O sumário apresentado será submetido à apreciação do setor educacional e dos órgãos normativos. Até o dia 21 de agosto, esses grupos poderão enviar suas considerações para o Ministério da Educação, que consolidará as propostas na versão final do relatório. Esse relatório será encaminhado para apreciação do Congresso Nacional, visando assegurar a representatividade democrática no processo.

“É importante frisar que essa é a proposta do MEC, fruto da consulta pública. Nós não queremos construir nada sem diálogo, por isso queremos elaborar um documento com consenso em relação ao aperfeiçoamento e às mudanças necessárias para melhorar a qualidade da educação do ensino médio no Brasil”, explicou.

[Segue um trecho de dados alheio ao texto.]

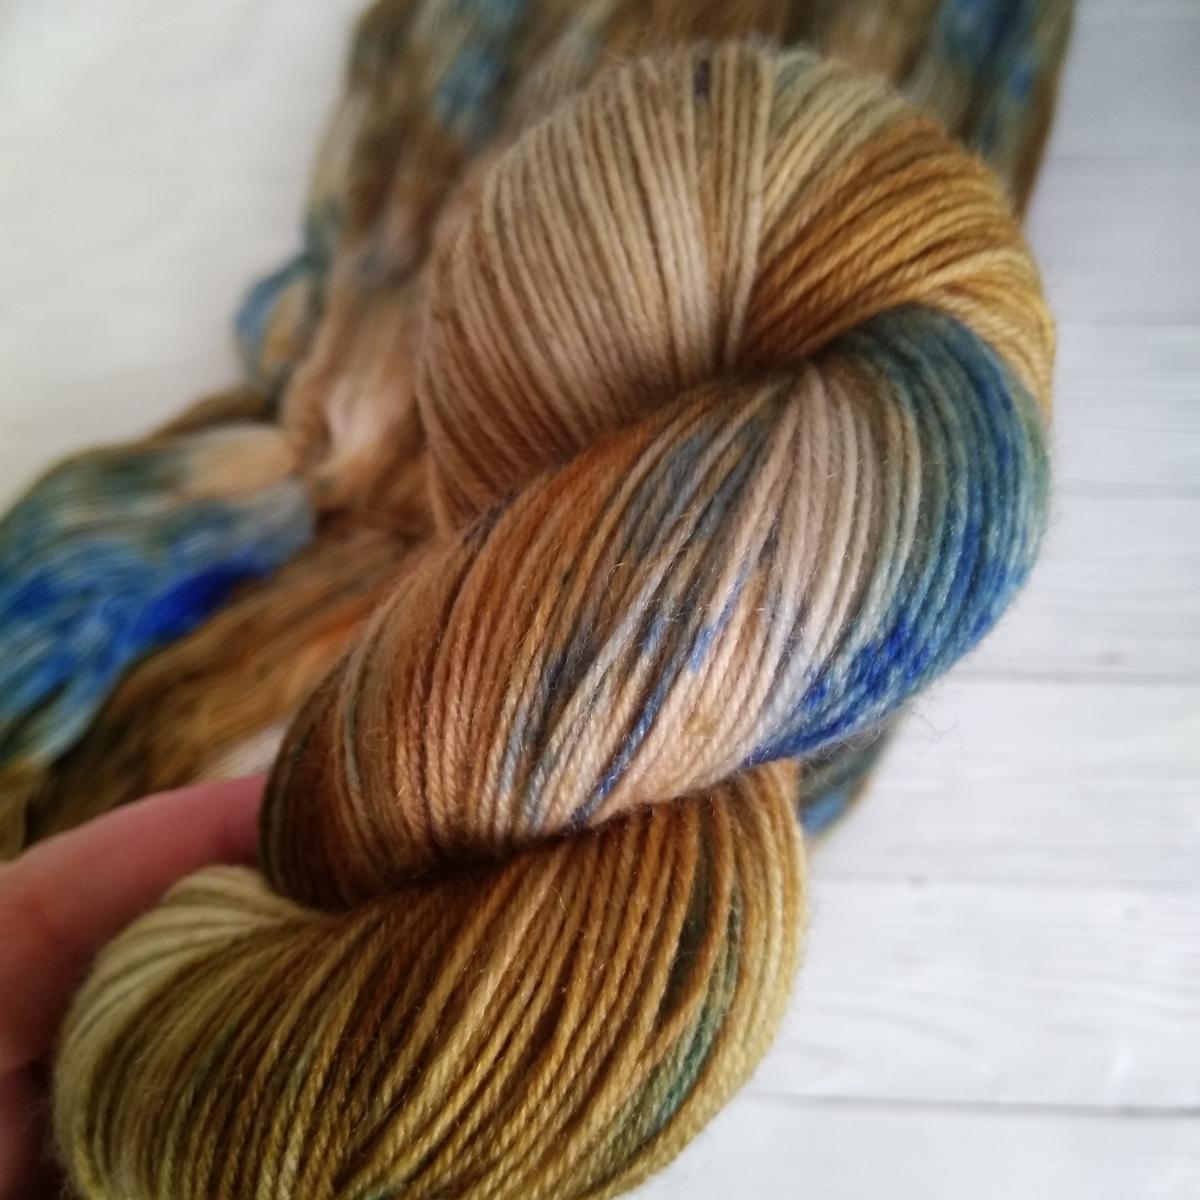 woodico.pro hand dyed yarn 036 1200x1200 - Hand dyed yarn / 036

As propostas não se limitam apenas à esfera legislativa. O Ministério da Educação também planeja apresentá-las às Comissões de Educação da Câmara dos Deputados e do Senado Federal. Essas comissões terão a oportunidade de contribuir com o relatório final, utilizando as informações colhidas em audiências públicas realizadas pelas casas legislativas.

Fotos: Ângelo Miguel/MEC

A Consulta Pública contou com uma série de ações para garantir a participação de diversos setores da sociedade. Isso incluiu a coleta pública de contribuições por meio da Plataforma Participa + Brasil, ciclos de webinários com especialistas, diálogos sobre a educação básica em parceria com a Associação Nacional de Pós-Graduação e Pesquisa em Educação (ANPEd), consultas online com estudantes, professores e gestores, oficinas de pesquisa regionais, pesquisas presenciais representativas, revisões sistemáticas de produção científica e audiências públicas com entidades ligadas ao Fórum Nacional de Educação (FNE), Conselho Nacional de Secretários de Educação (Consed), Conselho Nacional de Educação (CNE) e Fórum Nacional de Conselhos Estaduais de Educação (Foncede).

SUMÁRIO

Presidentes de algumas entidades educacionais ligadas à educação básica também estavam presentes no anúncio: Conselho Nacional de Secretários de Educação (Consed); Fórum Nacional de Educação (FNE); Fórum Nacional dos Conselho Estaduais Distrital de Educação (Foncede); Conselho Nacional de Educação (CNE); e União Brasileira dos Estudantes Secundaristas (Ubes). Antes da coletiva de imprensa, o Ministro Camilo Santana e sua equipe apresentaram o sumário ao grupo, em primeira mão.

“Durante os quatro meses da consulta, essas entidades estiveram junto ao MEC promovendo esse debate necessário, em mais uma iniciativa de participação social e democrática. Agora, vamos nos debruçar sobre os dados para, juntos, construirmos uma proposta para a Política Nacional de Ensino Médio”, declarou.